When the engine speed increases further from the low speed operating range, the actuator 20 operates to rotate the drive shaft 19, driving the ring gear 16 via the pinion gear 17, and rotating the rotary valve 13 in the opening direction. When the engine reaches a predetermined high-speed operating state, the rotary valve 13 reaches the open position and the secondary intake passage 12 is fully opened. Therefore, during the intake stroke of the engine, the air that flows into the intake chamber 10 flows into the first.

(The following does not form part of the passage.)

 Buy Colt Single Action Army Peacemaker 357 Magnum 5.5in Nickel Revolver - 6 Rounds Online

Second
It passes through both intake channels 11, 12 and, together with the injected fuel, through the intake port 3 and is drawn into the corresponding cylinder.

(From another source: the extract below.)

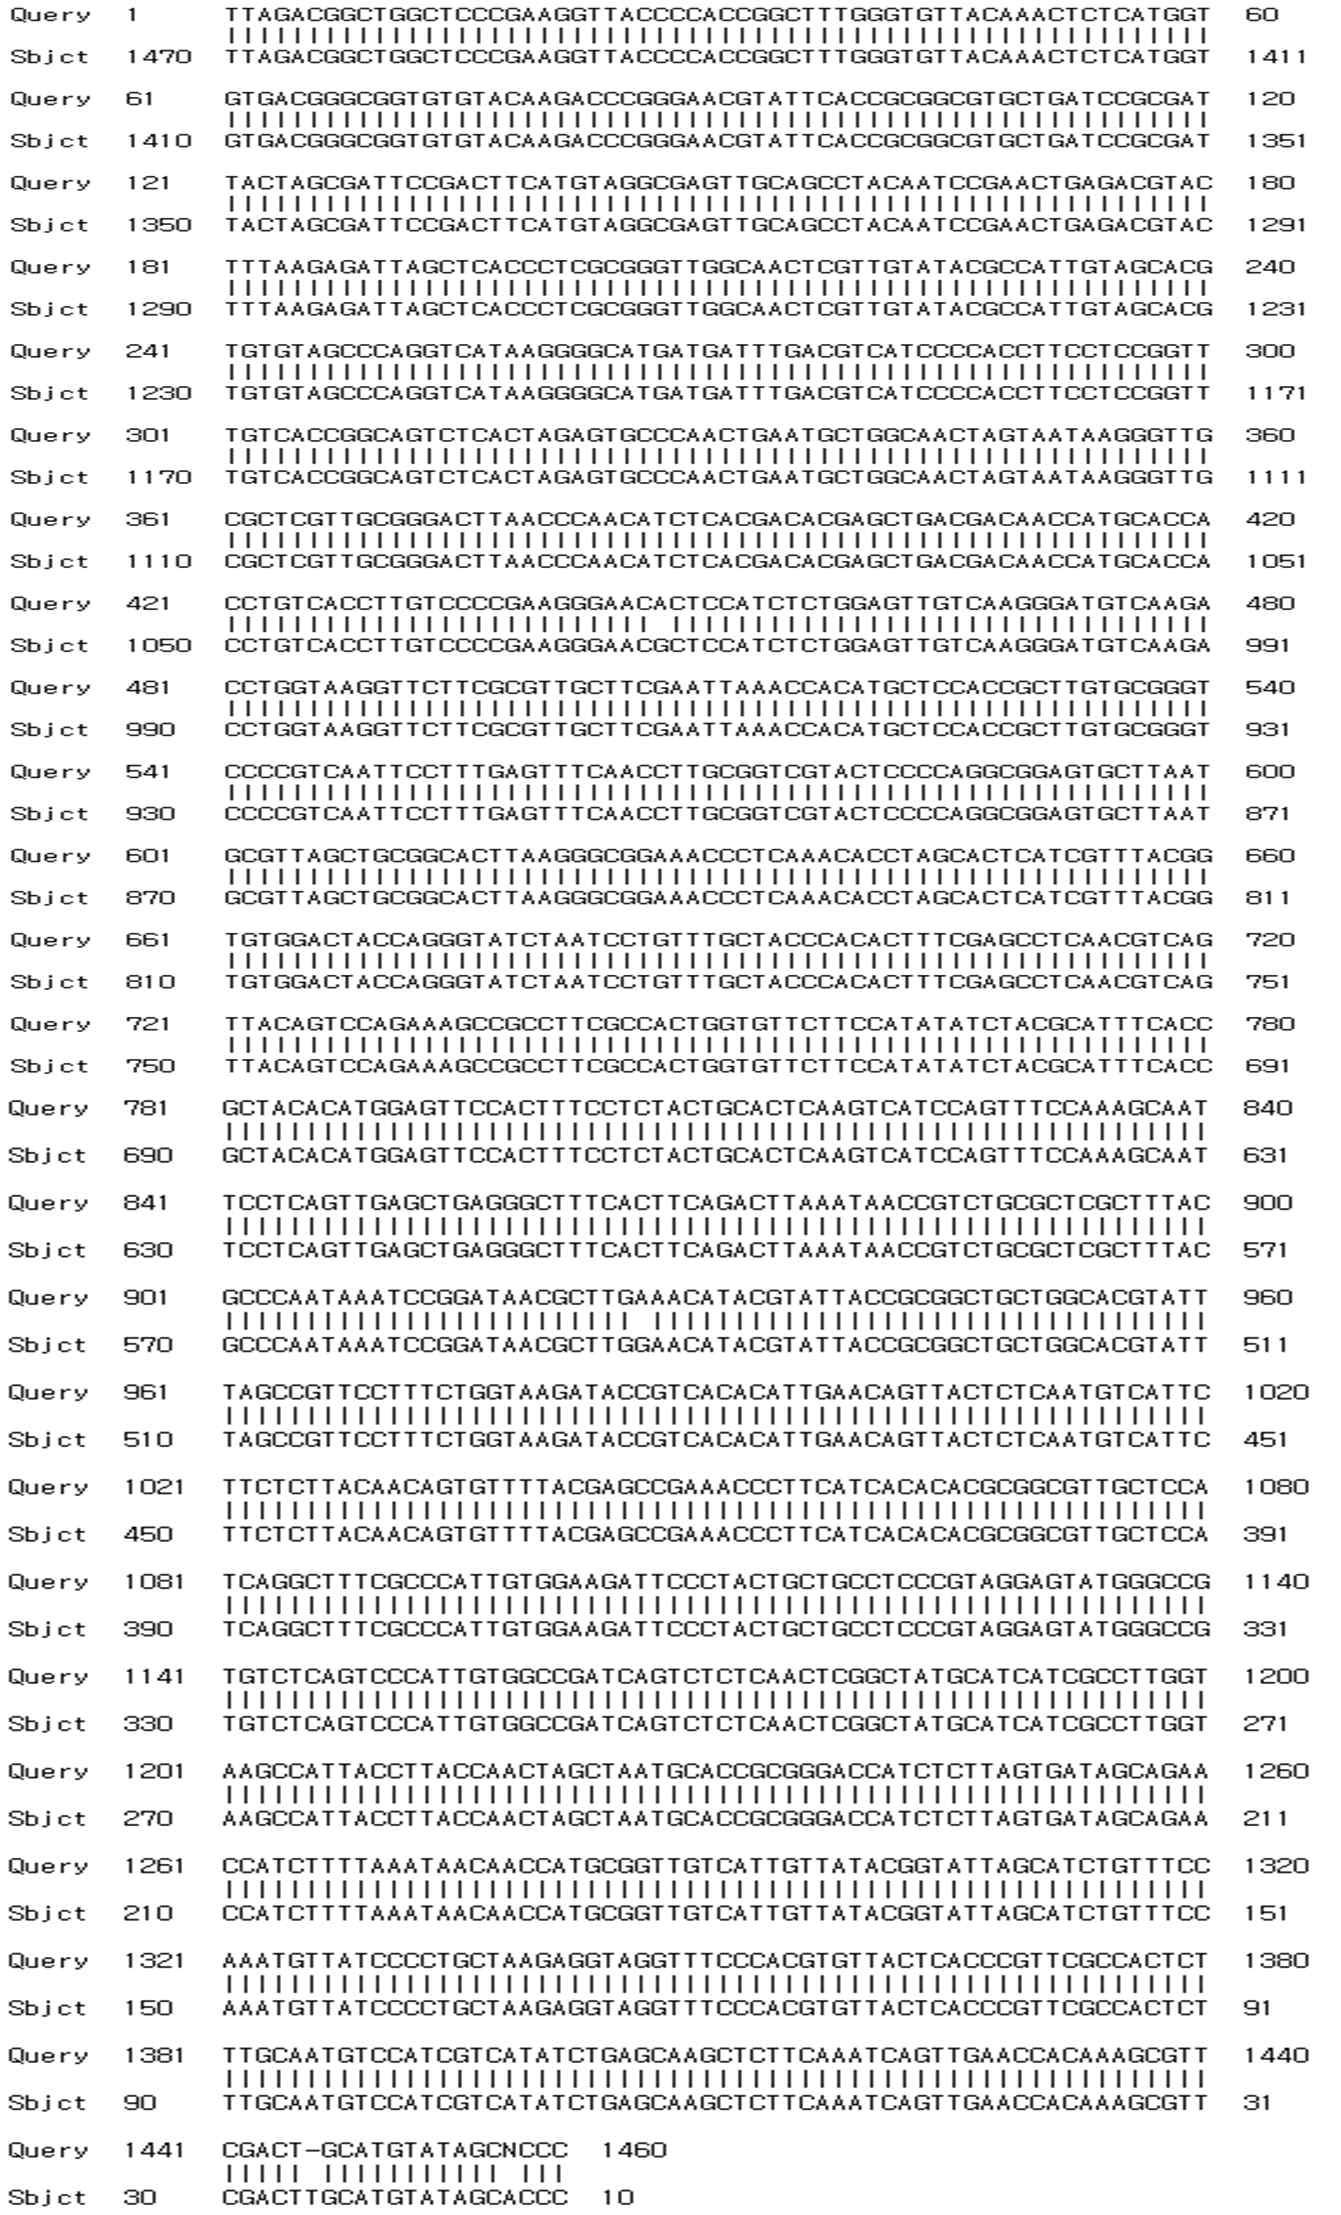 16S rRNA sequencing of F-13 strain

During high-speed operation of the engine, both intake channels 11, 12 and the intake port 3 are thus used for intake, resulting in a predetermined optimum intake inertia effect, which results in an increased filling efficiency of the engine. , satisfactory high-speed output performance can be obtained.

In addition, at the intermediate opening position of the rotary valve 13, the secondary intake passage 12
It is also moderately involved in the intake air, making it possible to smooth out drops and steps in output performance in the engine's medium-speed operating range.

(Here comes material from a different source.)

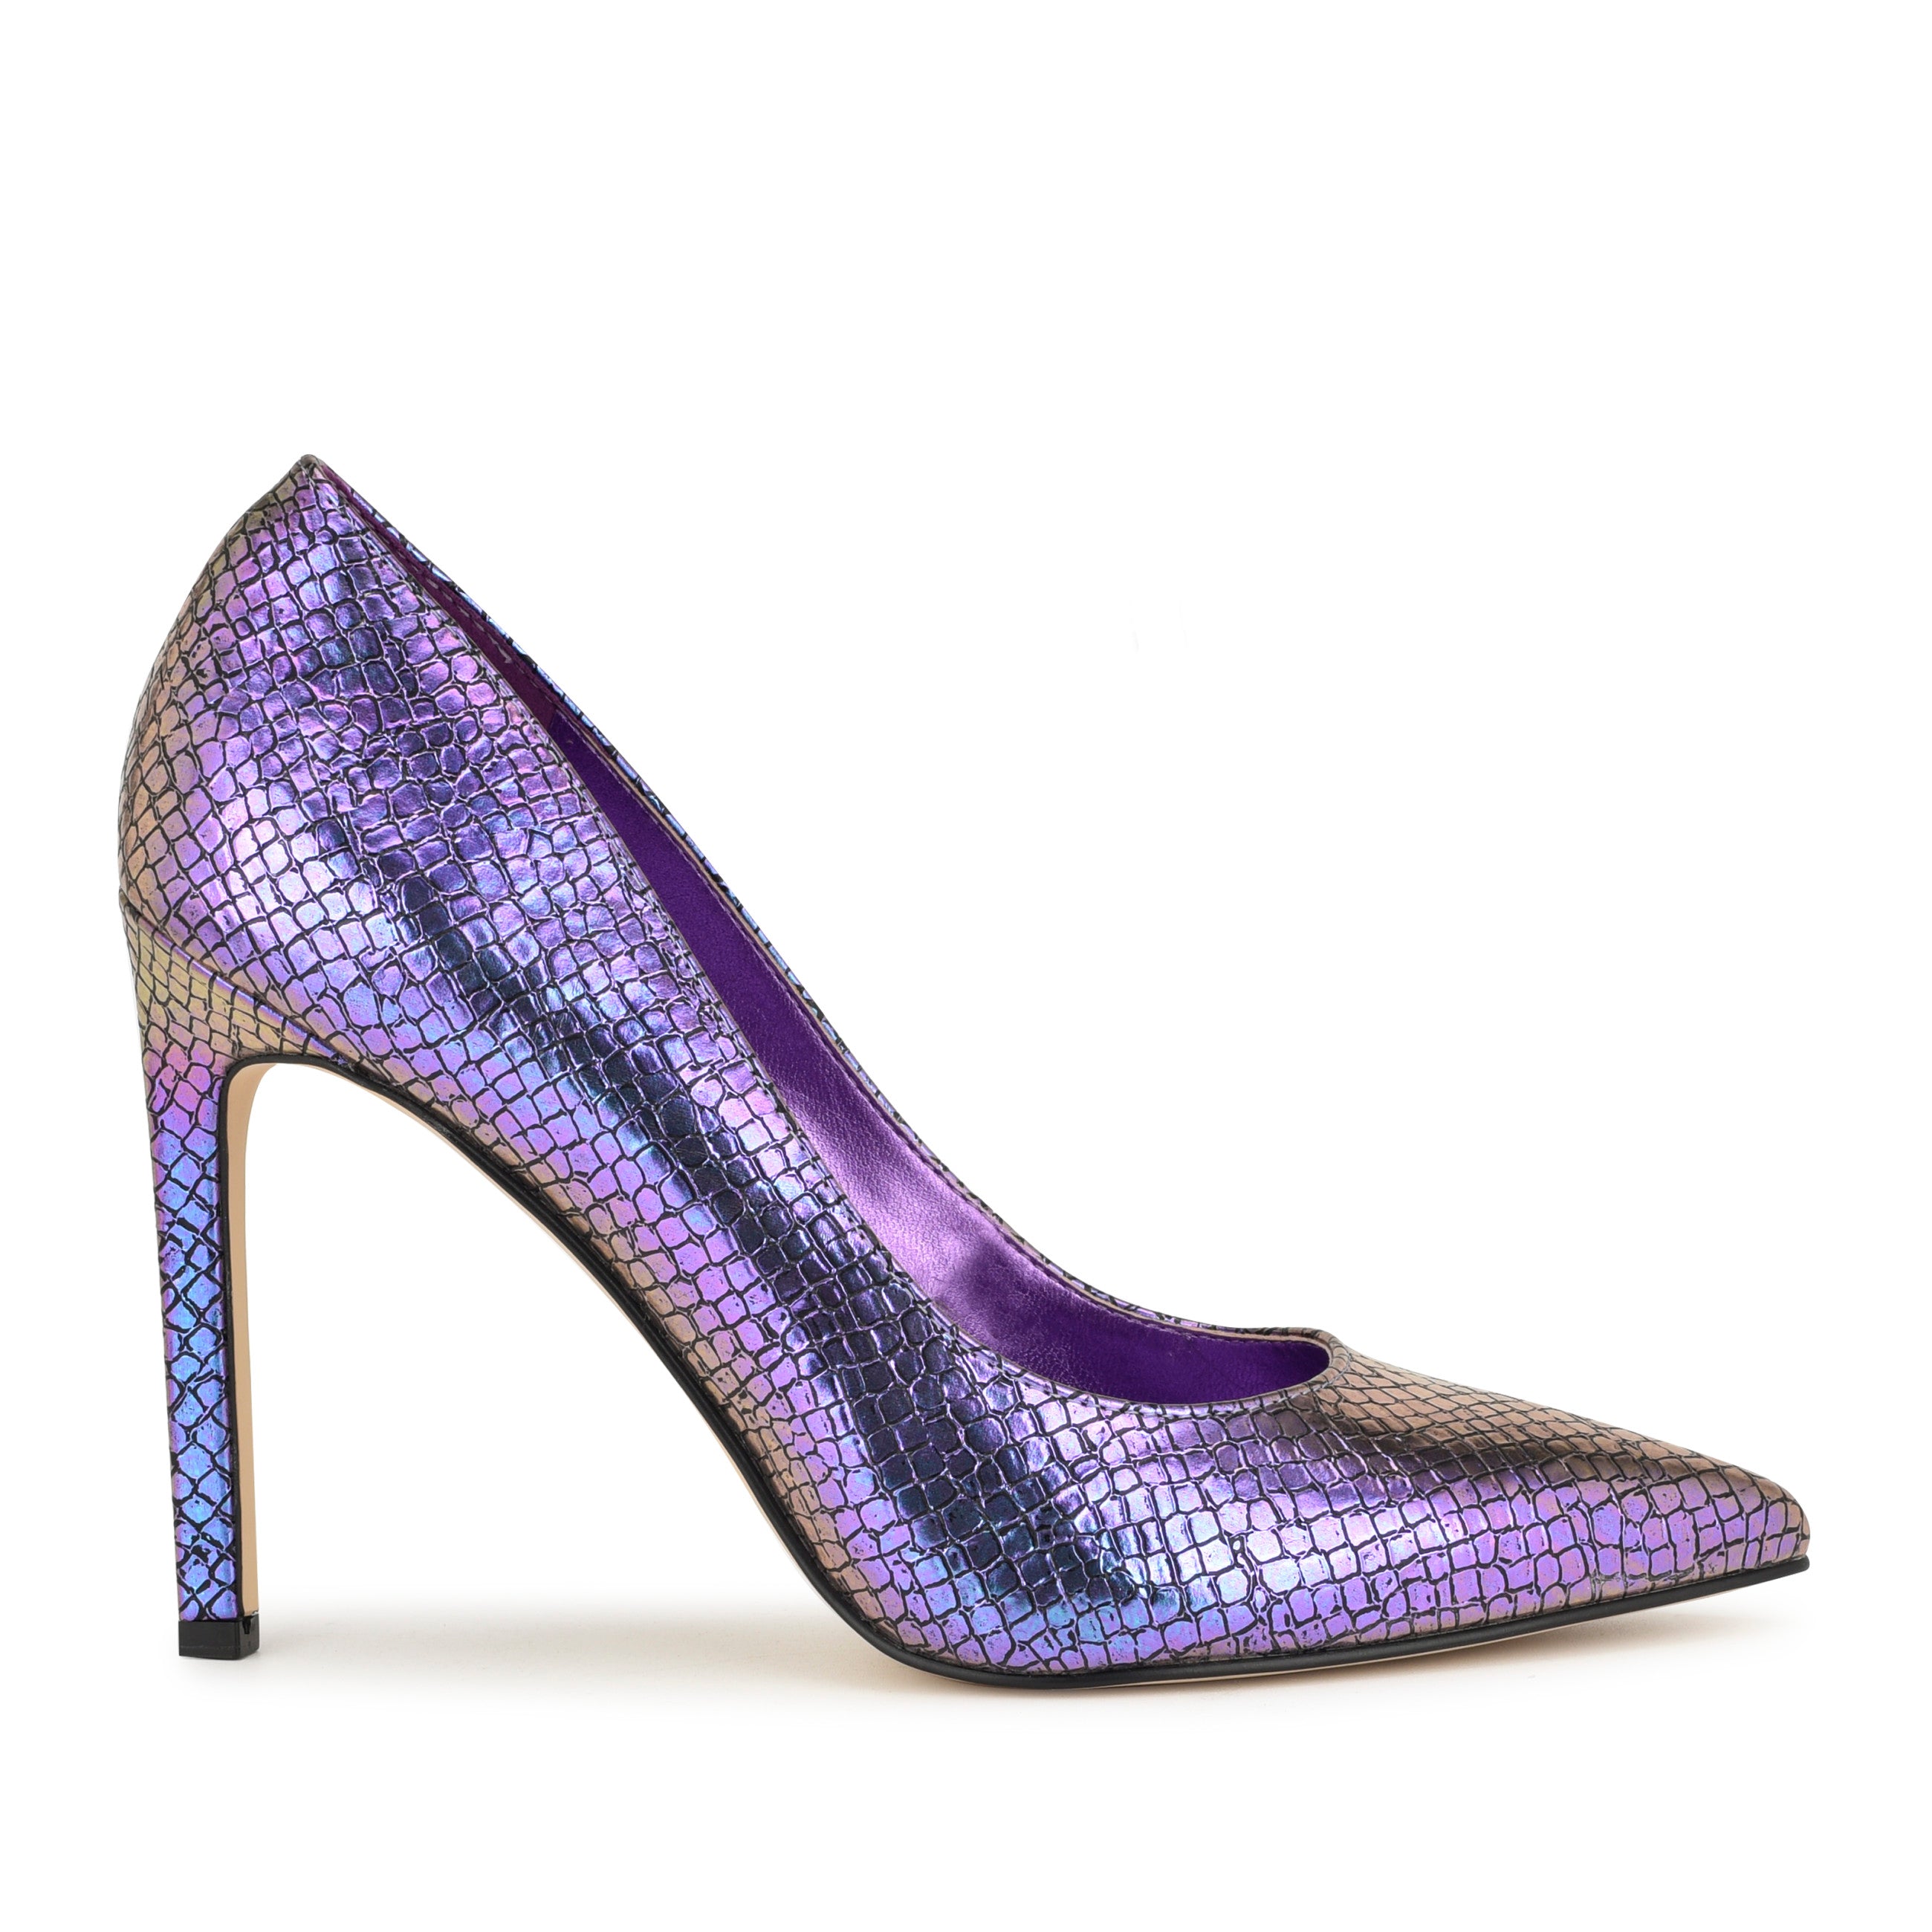 Add A Little Edge To Your Outfit With Snakeskin - The Dark Plum

C0 Effects of the Invention As described above, according to the present invention, a cylindrical opening/closing valve whose inner hole is continuous with the primary intake passage is rotated between the open position and the closed position around the axis of the primary intake passage. A valve is installed on the peripheral wall of the on-off valve so as to be able to do so, and which, in its open position, coincides with the opening of the secondary intake passage to the primary intake passage, but in its closed position, deviates from the opening. Because the hole is drilled, when the secondary intake passage is closed by the on-off valve, there is no remaining part of the secondary intake passage that communicates with the primary intake passage on the downstream side, and the on-off valve is
Do not increase the intake resistance of the next intake passage.
A significant inertial effect is produced in the secondary intake passage, which can greatly contribute to improving the output performance of the engine.

[Brief explanation of the drawing]

The drawings show one embodiment of the present invention, in which Fig. 1 is a longitudinal cross-sectional side view of the intake device shown with the on-off valve in the open state, Fig. 2 is a view taken in the direction of the ■ arrow in Fig. 1, and FIG. 4 is a sectional view similar to FIG. 3, showing the closed state of the on-off valve. 1... Cylinder head, 3... Intake port, 10.
・・Intake chamber, 11.12・Primary, secondary intake path, 12a
...Opening portion, 13...Rotary valve as an on-off valve, 13
a... Inner hole patent applicant Honda Motor Co., Ltd. agent Patent attorney Fumima Ochiai
1) Takashi Naka, Figure 4, Figure 3

Claims (1)

[Claims] The intake air of an internal combustion engine consists of a primary intake passage connected to the intake port of the cylinder head, a secondary intake passage connected in the middle of this primary intake passage, and an on-off valve that opens and closes this secondary intake passage. In the apparatus, a cylindrical on-off valve whose inner hole is continuous with the primary intake passage is installed in the primary intake passage so that the valve can rotate between an open position and a closed position around the axis of the primary intake passage,
On the peripheral wall of this on-off valve, in the open position, the secondary intake passage is
An intake system for an internal combustion engine, characterized in that it is provided with a valve hole that coincides with the opening to the primary intake channel, but is offset from the opening in the closed position.